Obtain the MAC address in C Code



  • Hi All,

    As per the title can anyone assist with a method of obtaining the Onions MAC address using C code?

    Kind Regards,
    UFD



  • @UFD
    One of the first Google results for "C linux get MAC": https://stackoverflow.com/a/6767517/5296568

    Either cross-compile the program or compile locally. No special flags needed

    getmac.c

    #include <sys/types.h>
    #include <sys/socket.h>
    #include <sys/ioctl.h>
    #include <net/if.h>
    #include <stdio.h>
    #include <string.h>
    
    void mac_eth0(unsigned char MAC_str[13])
    {
        #define HWADDR_len 6
        int s,i;
        struct ifreq ifr;
        s = socket(AF_INET, SOCK_DGRAM, 0);
        strcpy(ifr.ifr_name, "br-wlan");
        ioctl(s, SIOCGIFHWADDR, &ifr);
        for (i=0; i<HWADDR_len; i++)
            sprintf(&MAC_str[i*2],"%02X",((unsigned char*)ifr.ifr_hwaddr.sa_data)[i]);
        MAC_str[12]='\0';
    }
    
    int main(int argc, char *argv[])
    {
        unsigned char mac[13];
    
        mac_eth0(mac);
        puts(mac);
    
        return 0;
    }
    
    root@Omega-17FD:~# gcc -o getmac getmac.c
    root@Omega-17FD:~# ./getmac
    40A36BC117FF
    

    Notice how the printed MAC on the Onion does not match the output of the program. That's because the sticker is actually wrong - although my sticker reads MAC: 40A36BC117FD, the MAC returned by ifconfig is actually 40:A3:6B:C1:17:FF for br-wlan0 and 42:A3:6B:01:17:FD for apcli0.



  • @Maximilian-Gerhardt said in Obtain the MAC address in C Code:

    Notice how the printed MAC on the Onion does not match the output of the program. That's because the sticker is actually wrong

    The sticker probably isn't wrong. The board has two network interfaces, and as a result it has two MAC addresses.

    They're related by a simple numerical substitution rule in one of the startup scripts.

    is actually 40:A3:6B:C1:17:FF for br-wlan0

    The above is the formally assigned address

    and 42:A3:6B:01:17:FD for apcli0

    Whiel that is a self-assigned address derived from the above via a substitution rule. Note the "2" in the first octet, which indicates it is a "locally administered" (vs unique-in-the-world) MAC address.

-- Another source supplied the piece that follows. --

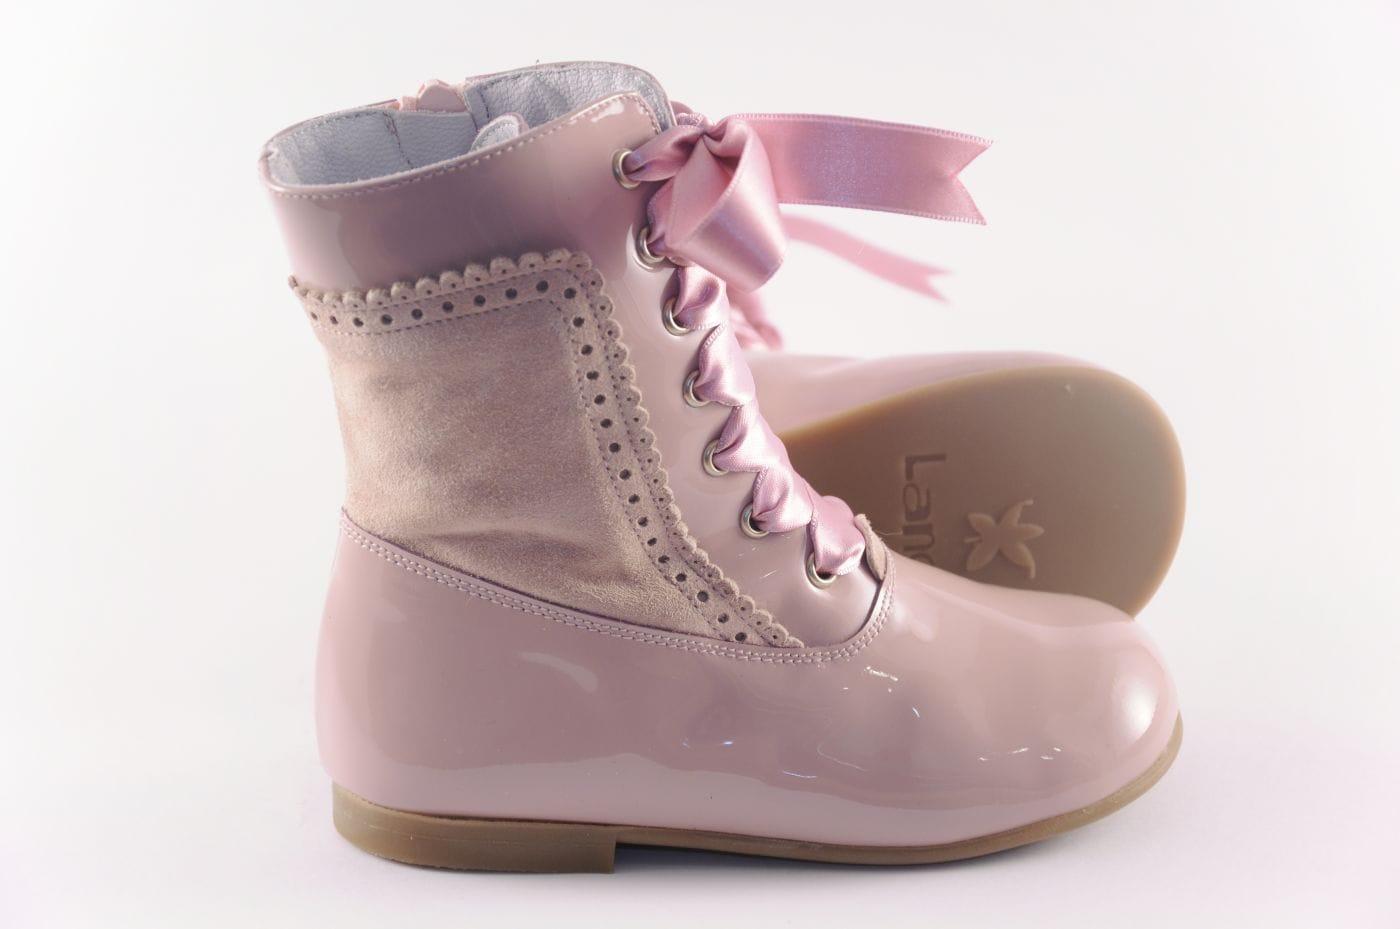 a383bdd026 Comprar zapato tipo JOVEN NIÑA estilo BOTAS COLOR ROSA CHAROL ...

    As for why the lowest octet in br-wlan0 is FF and not FD as assigned, that might be some sort of bug or odd decision in the startup code - seems like it wouldn't be a sequencing mistake at the factory, or the locally administered address would show it too.

    If you poke around in the first few MTD partitions you can probably find what is actually saved in the flash chip.



  • Thanks @Maximilian-Gerhardt

    I just changed "br-wlan" to "ra0" as this interface has a MAC value consistent with the sticker.